Course 2 · Tier 5
Causal Reasoning and World Modeling
AI finds correlations. Humans build causal models. This course operates at Tier 5 — the deepest level in the series — because causal reasoning is the capacity that most decisively separates human cognition from statistical pattern matching.
DAG Construction
A Directed Acyclic Graph (DAG) is the formal representation of a causal model. Students learn to construct DAGs from domain knowledge — not from data. This is the critical distinction: data can tell you what happened, but only a human can propose why.
The course walks through the full process of building a DAG: identifying variables, specifying directed edges that represent causal claims, and — most importantly — defending the exclusion of edges. Every missing arrow is an assertion that two variables are not directly causally related, and every such assertion must be justified.
- Variable selection from domain expertise, not data mining
- Edge specification as causal claims requiring justification
- Missing edges as testable assumptions
- Iterative refinement through peer critique and empirical challenge
The Backdoor Criterion and Identification
Once a DAG is constructed, the identification layer determines whether a causal effect can be estimated from observational data. The backdoor criterion provides a systematic method: if you can block all backdoor paths between treatment and outcome by conditioning on a set of variables, the causal effect is identified.

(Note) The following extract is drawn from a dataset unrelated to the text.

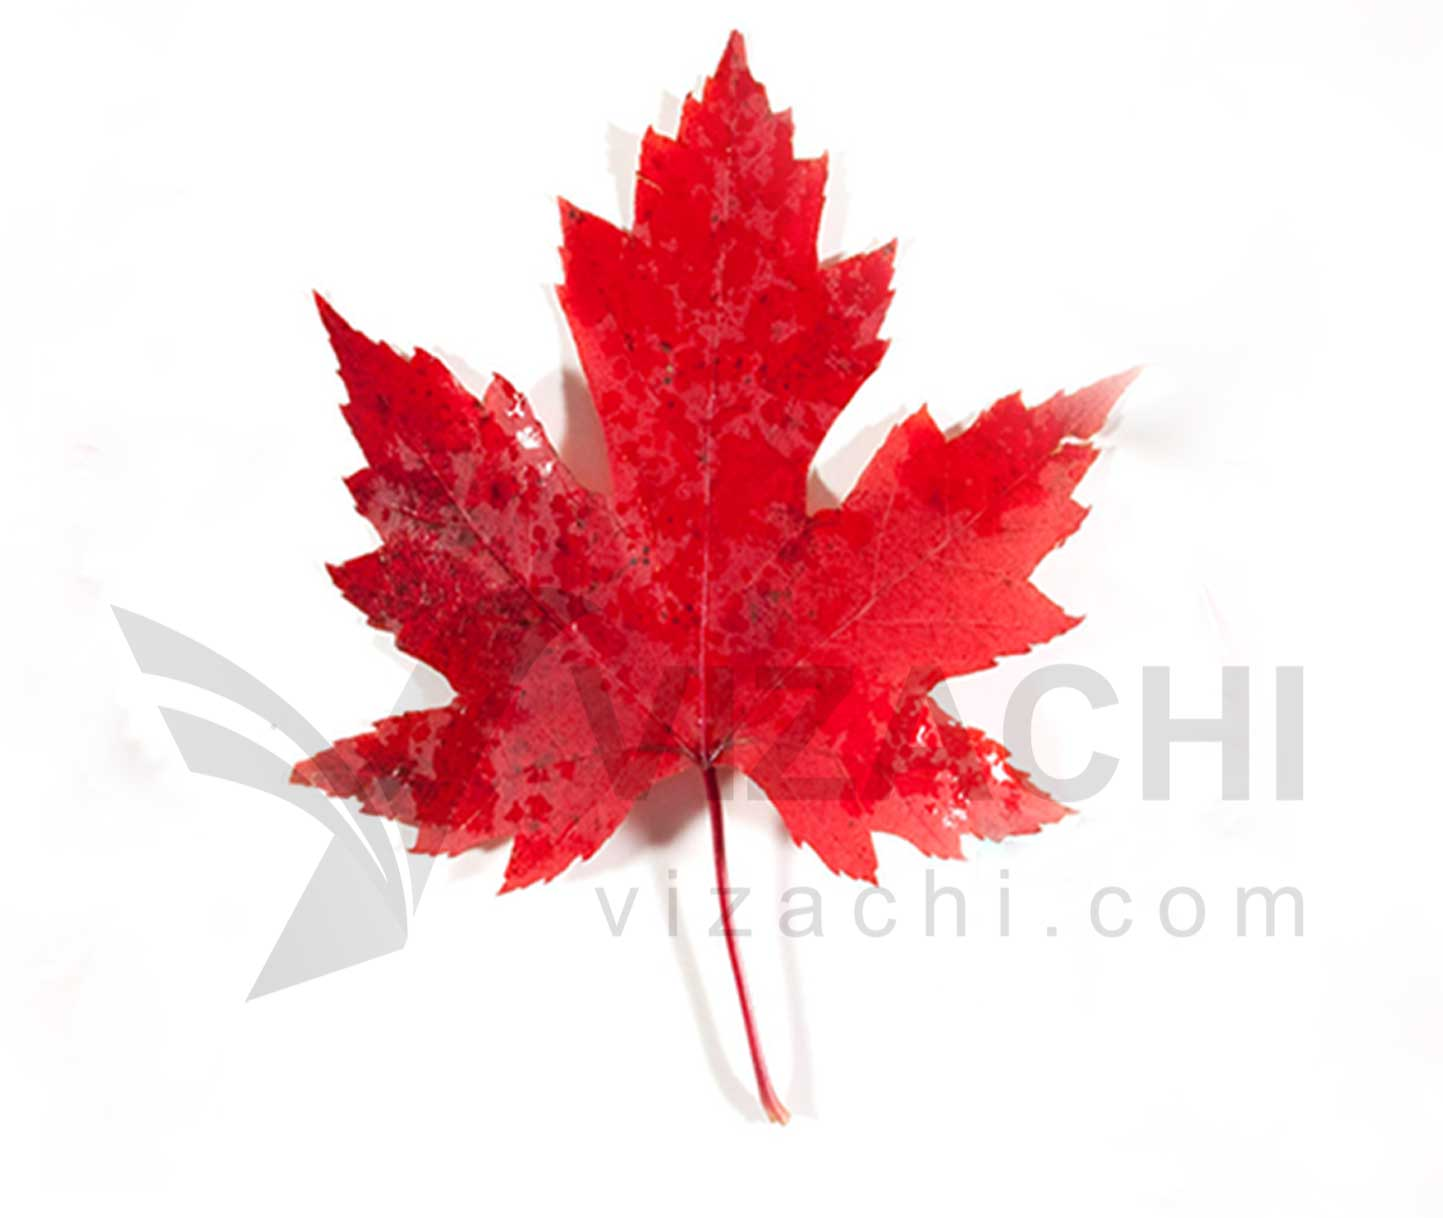 مهاجرت-به-کانادا-ویزای-کانادا-اقامت-کانادا-ویزای-تحصیلی-کانادا-اکسپرس-اینتری-ویزا-کانادا-پناهندگی-کانادا-اقامت-دائم-کانادا-ویزاچی-1-1

This is where the course reaches Tier 5. Students must reason about confounding, collider bias, and mediation — concepts that require genuine counterfactual thinking. No current AI system can construct a defensible causal model from scratch, because doing so requires knowledge of the world that is not contained in the data.
Confounding
A common cause of both treatment and outcome creates a spurious association. Students learn to identify confounders from the DAG structure and condition on them appropriately — or recognize when conditioning introduces new bias.
Collider Bias
Conditioning on a common effect of two variables opens a non-causal path between them. This is counterintuitive and routinely missed by automated analyses. Recognizing collider structures requires understanding the causal story, not just the statistical associations.